The Good, The Bad and The Thank-You’s – Oregon

It’s my final day in the Beaver State (yes, that’s their real nickname) and I head out to explore downtown St. John’s which is a neighborhood of Portland. Portland Record storehas many “neighborhoods,” you see. There’s “North,” Northwest,” the “Pearl District” and many more (Mr. Rogers would have a tough time figuring out where he lived). There’s not a whole lot to downtown St. John’s; a nice pastry shop called Tulip, a used record shop (kids, it’s a round thing that used to play music), an interesting restaurant with an identity crisis called Patti’s Homeplate which also sells old Avon products, matchbox cars and used clothing, and a beautiful bridge.

The St.

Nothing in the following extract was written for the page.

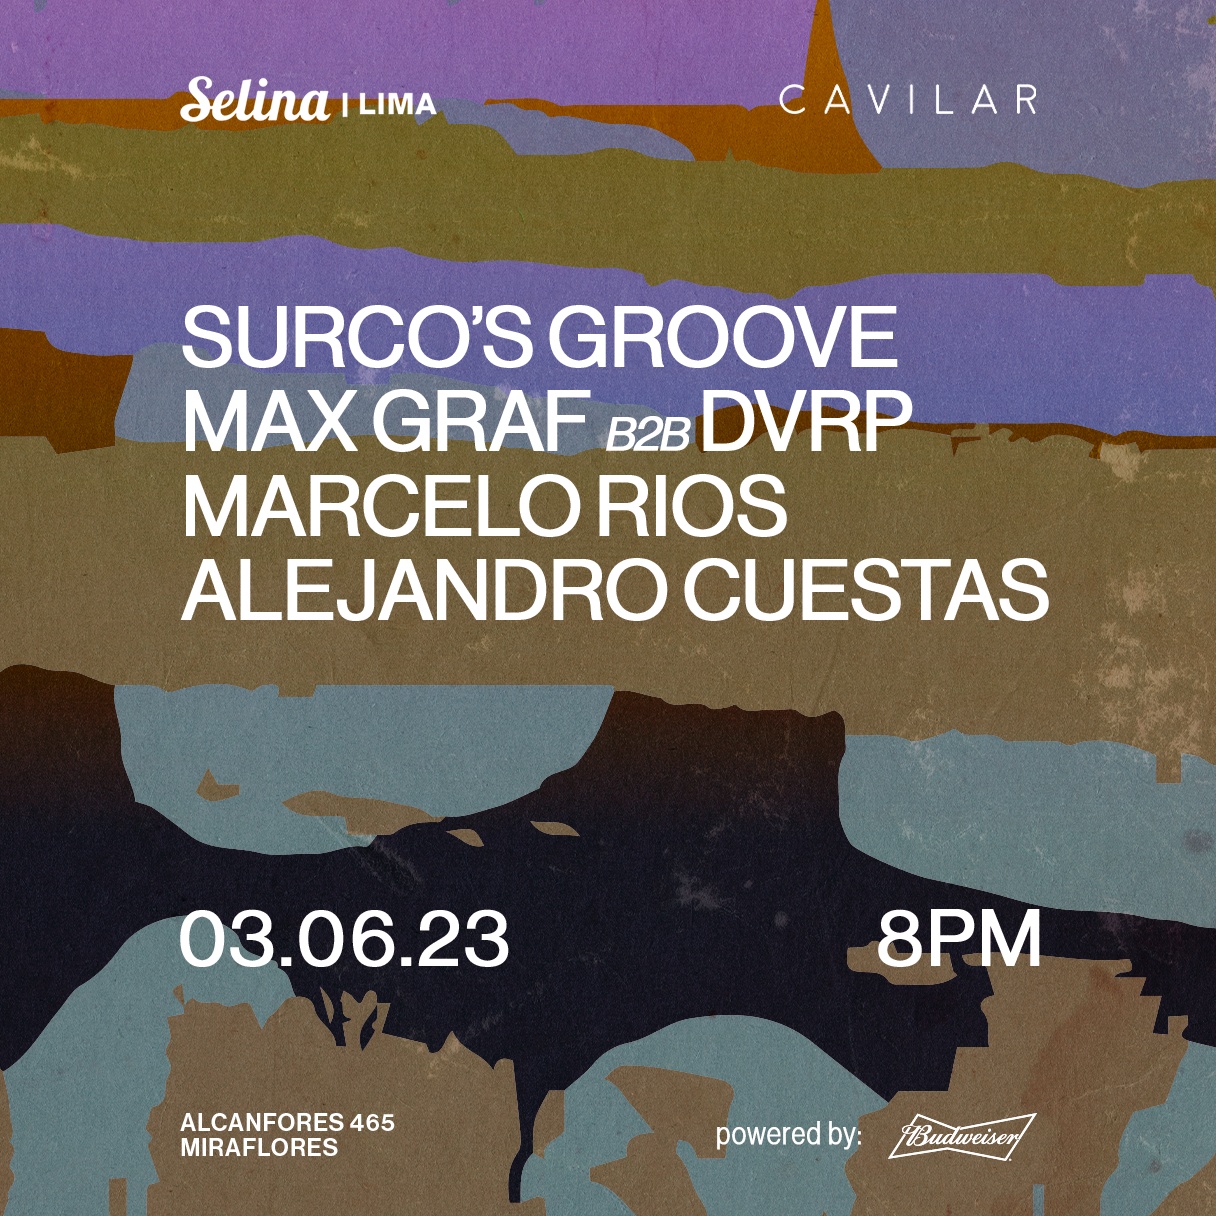 Cavilar x Selina pres. Surco's Groove, Max Graf b2b DVRP, Marcelo Rios, Alejandro Cuestas - フライヤー表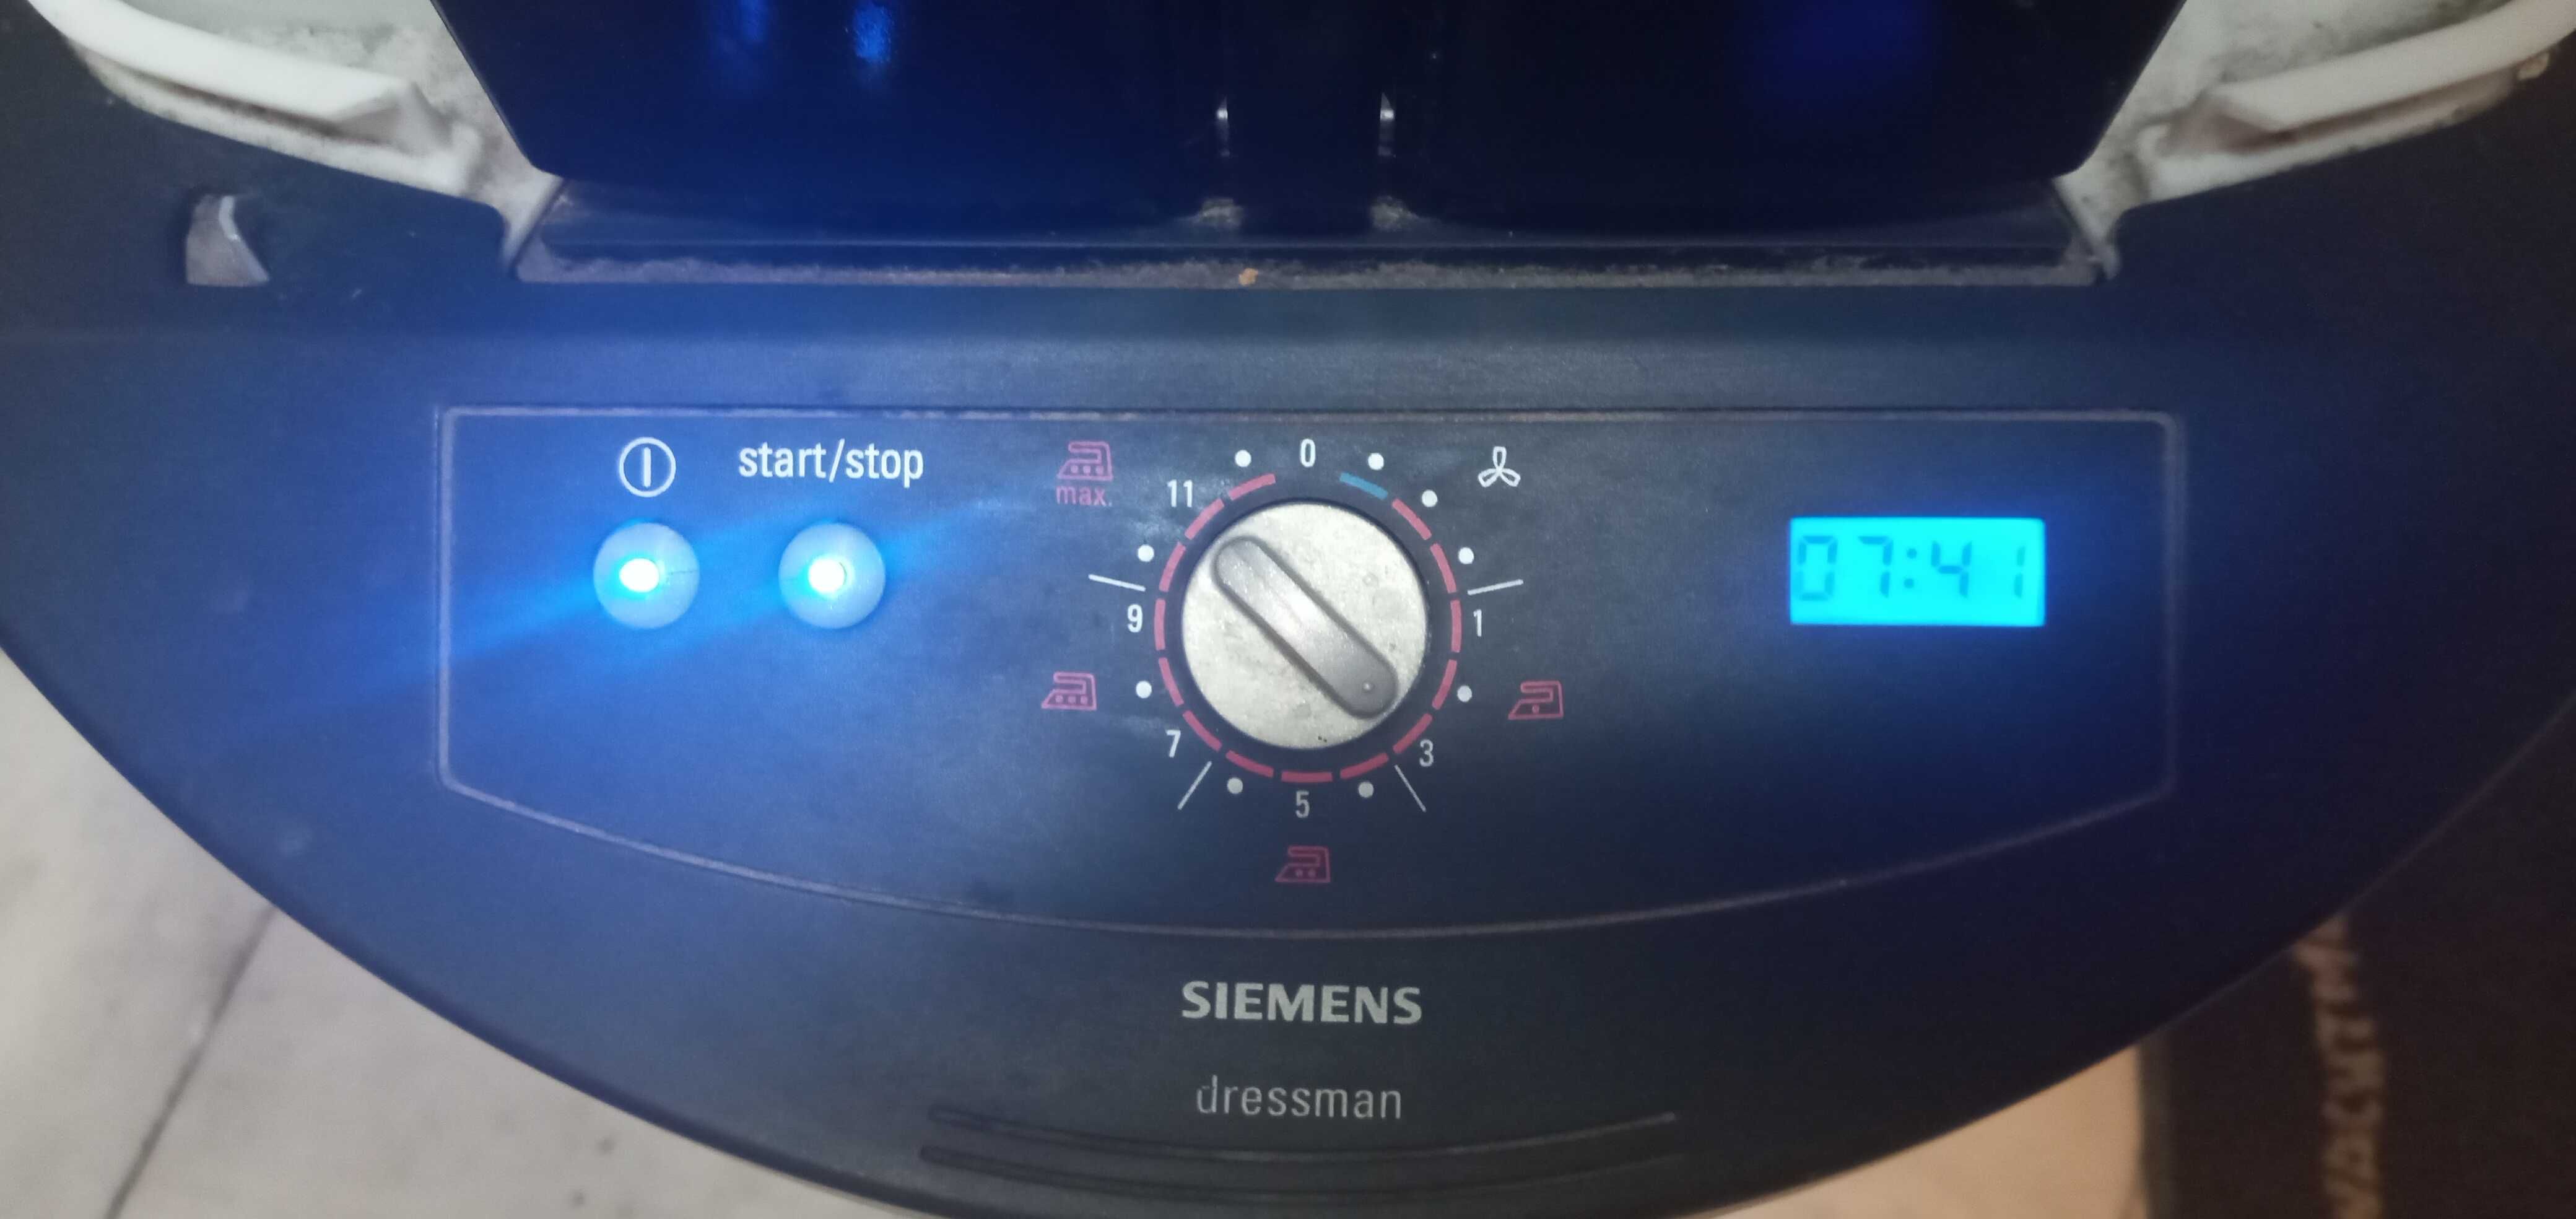 Пароманекен Siemens Dressman TJ 10500

John’s Bridge, dedicated on June 13, 1931, is a Gothic design and, on a misty day or dark night, could easily be a place where Dracula might hang out. It’s also the only suspension bridge in the Willamette Valley and is the farthest north of any bridge on the Willamette. Underneath it you’ll find Cathedral Park which is a great photo spot where you might even catch a ghost photo-bombing you as it’s supposedly haunted.

St Johns Bridge

As I fly home I’ll give you a list of the Good, the Bad and the Thank-you’s:

The Good

– The wine and the beer (I mean, what’s not to like).

– Secrets of Portlandia tour – take the tour, trust me.

– The Edwin K B&B – the bathtub, the breakfast, the sherry and the town of Florence are all amazing.

– Climbing Spencer Butte in Eugene – the view, oh my, the view!

– The natural beauty of so much of the state.

– The nice people I met along the way.

– Food trucks! – you can find just about any kind of food at these gatherings.

– The Dining Room in Eugene, OR – they fought hard to develop this creative place that helps those less fortunate.

– Voodoo Doughnut – The first (and last) time I’ve enjoyed an Old Dirty Bastard. Yum.

– The weather – I expected rain and cold, it’s Oregon after all. Nine out of ten days were lovely. It may always be sunny in Philadelphia but, contrary to popular belief, it’s not always rainy in Portland.

– The Kia Soul – that was my rental car and I loved it. So fun to drive.

– Bubble Tea

The Bad

– Trying to balance driving, experiencing, meeting people and writing. It’s much easier doing it without the driving, either by staying in one location or traveling by train as the driving, even shorter distances takes time out of the day. My apologies for typos and grammatical errors in this series, it was a lot of work and I’ll do better next time.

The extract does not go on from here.